Dr Joseph Webster awarded a 2020 Philip Leverhulme Prize

The Faculty of Divinity’s Dr Joseph Webster has been awarded a prestigious Philip Leverhulme Prize. The prize is one of the most coveted awards for early career academics. It rewards emerging scholars whose work has already had an international impact and whose future career are exceptionally promising.

The prize recognizes Dr Webster’s work in anthropology of religion where he has established himself as one of the leading researchers on contemporary Protestantism in Scotland and the global north.
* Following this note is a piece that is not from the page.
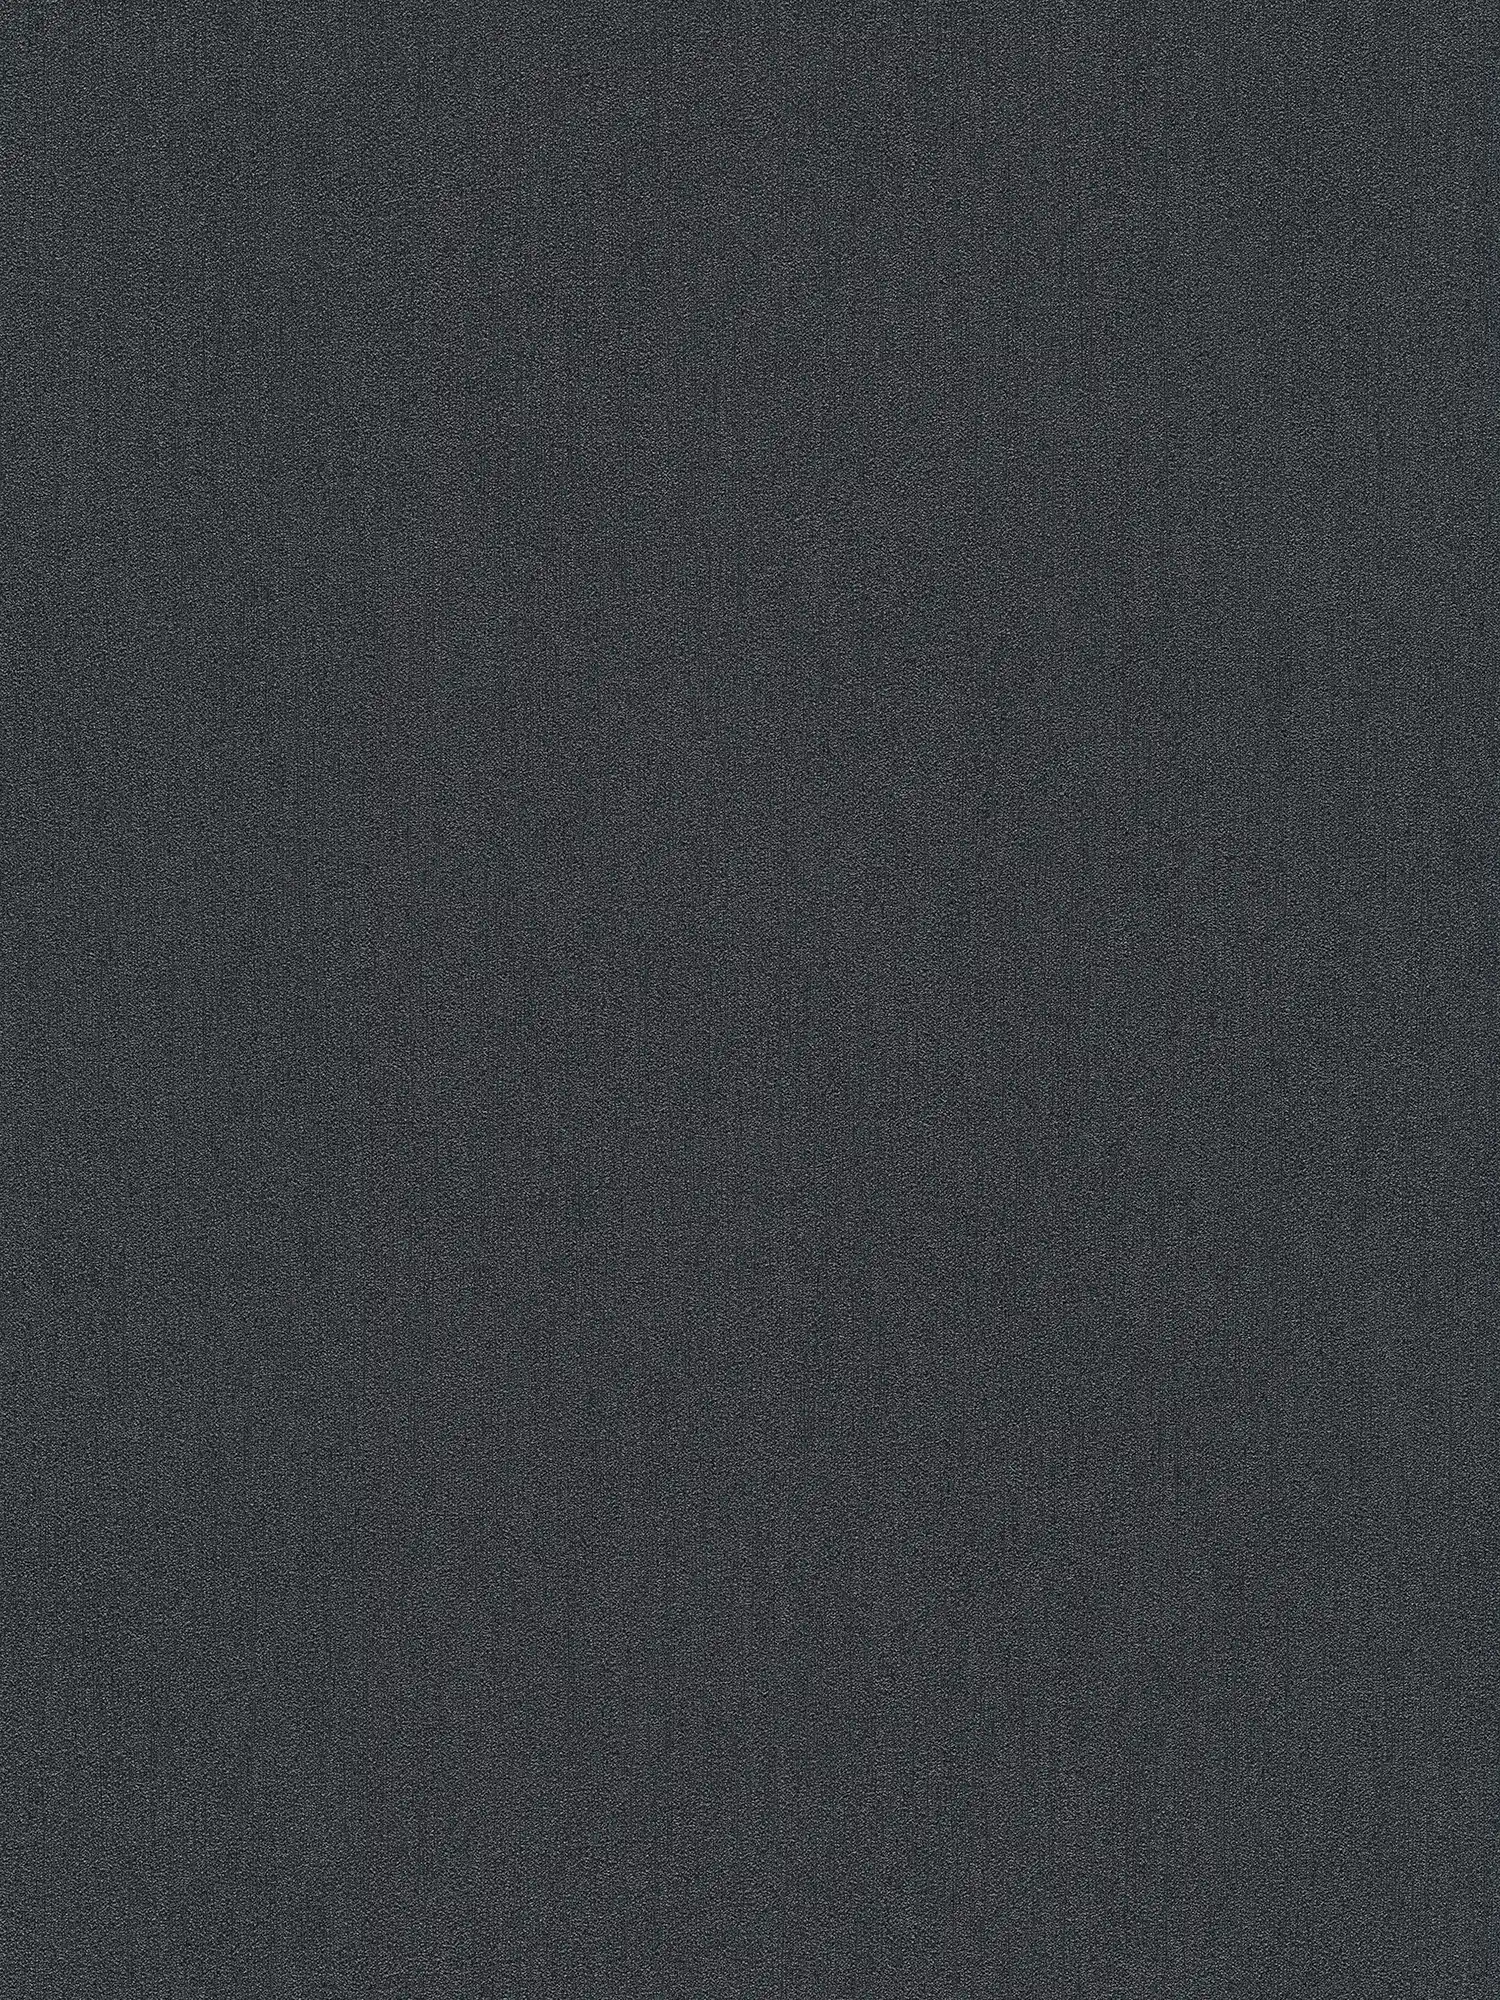 Papel pintado no tejido Karl LAGERFELD liso y con textura - negro

His first book, The Anthropology of Protestantism (2013), studies apocalyptic sign searching among an Exclusive Brethren fishing community in Gamrie, Northeast Scotland. This year he published his second book, The Religion of Orange Politics, that was the first academic study of the Orange Order in Scotland. His research on the Orange Order had a significant role in the repeal of the Scottish Parliament’s Offensive Behaviour at Football Act.

The Philip Leverhulme Prize will enable Dr Webster to conduct a new comparative, ethnographic study of contemporary apocalyptic religion in Northern Ireland. The project, entitled 'The Morality of Millenarianism', challenges the two main social scientific theories of millenarianism which understand the motivations of apocalyptic believers as either a symptom of poverty or a form of self-deception. In contrast, Dr Webster examines the morality of millenarianism by examining believer’s theological commitments and ethical actions.

Apocalypticism in Ulster is reaching new heights with the emergence of Covid-19 and growing fears about the return of paramilitary violence post-Brexit. Dr Webster’s research has important contemporary significance and promises to shed light on marginalised and misunderstood communities.